Wie mehr Teilhabe und Lebenschancen für Menschen mit geistiger Behinderung im Alter realisiert werden können, haben die beiden Verfasser bereits in einer Publikation im gleichen Verlag im Jahr 2017 aufgezeigt. In dem vorliegenden Band geht es um Demenz, und es liegt auf der Hand, dass auch dieser Personenkreis daran erkranken kann, und dies auch mit einem erhöhten Risiko. In diesem Zusammenhang tauchen zahlreiche Fragen auf: (Wie) Lässt sich Demenz hier frühzeitig feststellen, welche besondere Betreuung, professionelle Begleitung und interdisziplinär organisierte Unterstützung braucht es zum einen und gibt es zum anderen, um den Erkrankten ein möglichst selbstbestimmtes Leben in sozialer Teilhabe zu ermöglichten? All dies ist bislang in der Heil- und Sonderpädagogik in der Theorie bzw. in wissenschaftlichen Abhandlungen selten thematisiert worden, obwohl der Bedarf da ist. Denn die Situation in der Praxis scheint so zu sein, dass viele Mitarbeiter nur über ein geringes Wissen und wenig Erfahrung über die Früherkennung wie auch Behandlung und Unterstützung einer Demenz bei Menschen mit geistiger Behinderung verfügen.

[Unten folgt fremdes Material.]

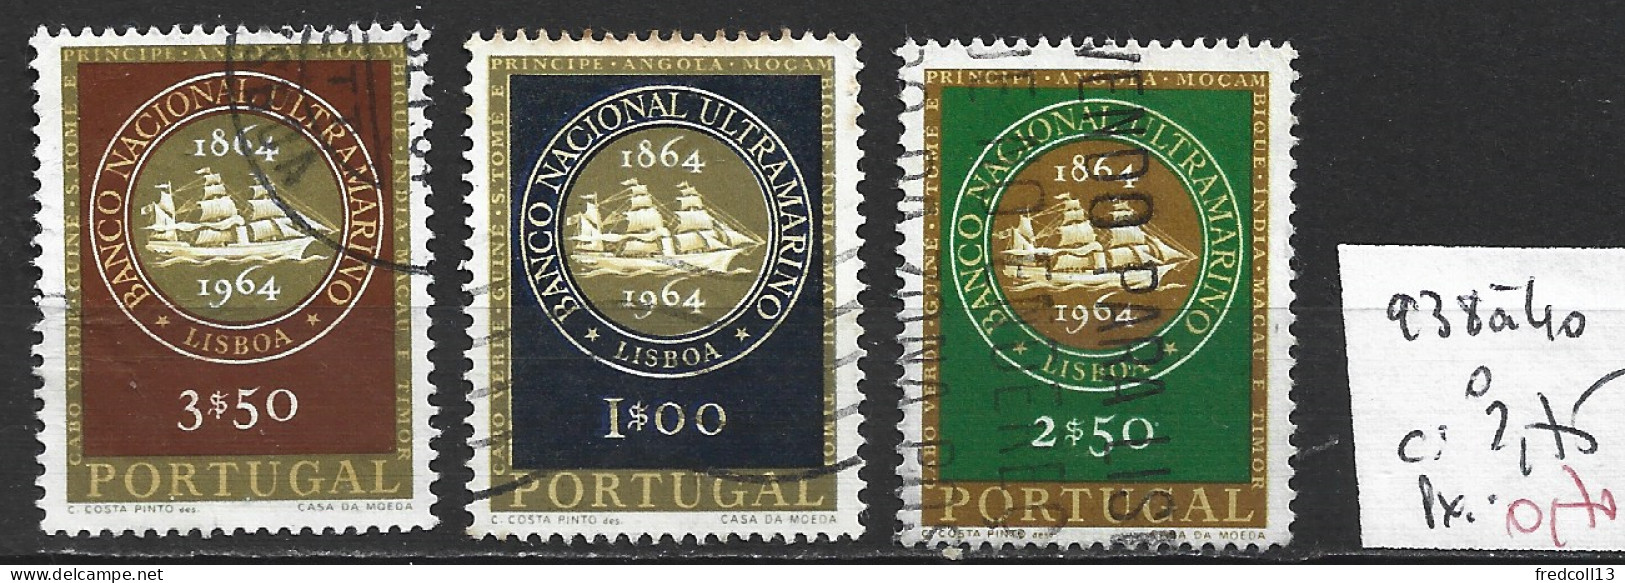 PORTUGAL 938 à 40 Oblitérés Côte 2.75 € - Used Stamps

Inhaltlich wird in der vorliegenden 348 Seiten umfassenden Publikation das Thema Demenz aus ganz unterschiedlichen Perspektiven und in seiner vielschichtigen Problematik in insgesamt 13 Kapiteln behandelt. Es geht um grundsätzliche Fragen im Kontext von Alter und Demenz, um Prävalenz und diagnostische Fragen, um die Sicht der Betroffenen selbst, wie Angehörige, Mitbewohner und Betreuer damit umgehen, um Veränderungen im Handlungsfeld Wohnen und im Kontext von Lebensqualität, um eine passende Milieugestaltung, um Interventionskonzepte und Interaktionsmöglichkeiten bezüglich Körper, Sprache und (multimodale) Kommunikationsformen sowie um motorisch orientierte Verfahren und Unterstützung. Die beiden letzten Kapitel beschäftigen sich mit dem Thema Sterben und Tod, Abschied und Trauer.
Fazit: In dieser Publikation wird ein wichtiges, bislang vernachlässigtes, Thema behandelt. Die Ausführungen und Darstellungen in einer breiten Spannweite von behandelten Themen erfolgen theoriegeleitet und werden immer wieder durch aktuelle Untersuchungsergebnisse untermauert, und die Literaturverweise und Verzeichnis im Anhang sind beeindruckend. Zentrale Inhalte und wichtige Fachbegriffe werden in grau hinterlegten Feldern zusammengefasst und verständlich erklärt, und eine Vielzahl an Grafiken, Tabellen und Abbildungen trägt zum Leseverständnis bei. Auch die vielen praktischen Beispiele, vor allem in Kapitel 8 bis 11 und die abschließenden Kapitel über die letzte Lebensphase machen das Werk zu einem interessanten Lehrbuch für die Praxis.
Die Publikation richtet sich keineswegs nur an Heil- und Sonderpädagogen, sondern an alle, die in unserer Gesellschaft Menschen mit geistiger Behinderung und Demenz professionell begleiten, also auch an Sozialpädagogen, Pflegewissenschaftler und -manager und alle Mitarbeiter in der Altenhilfe.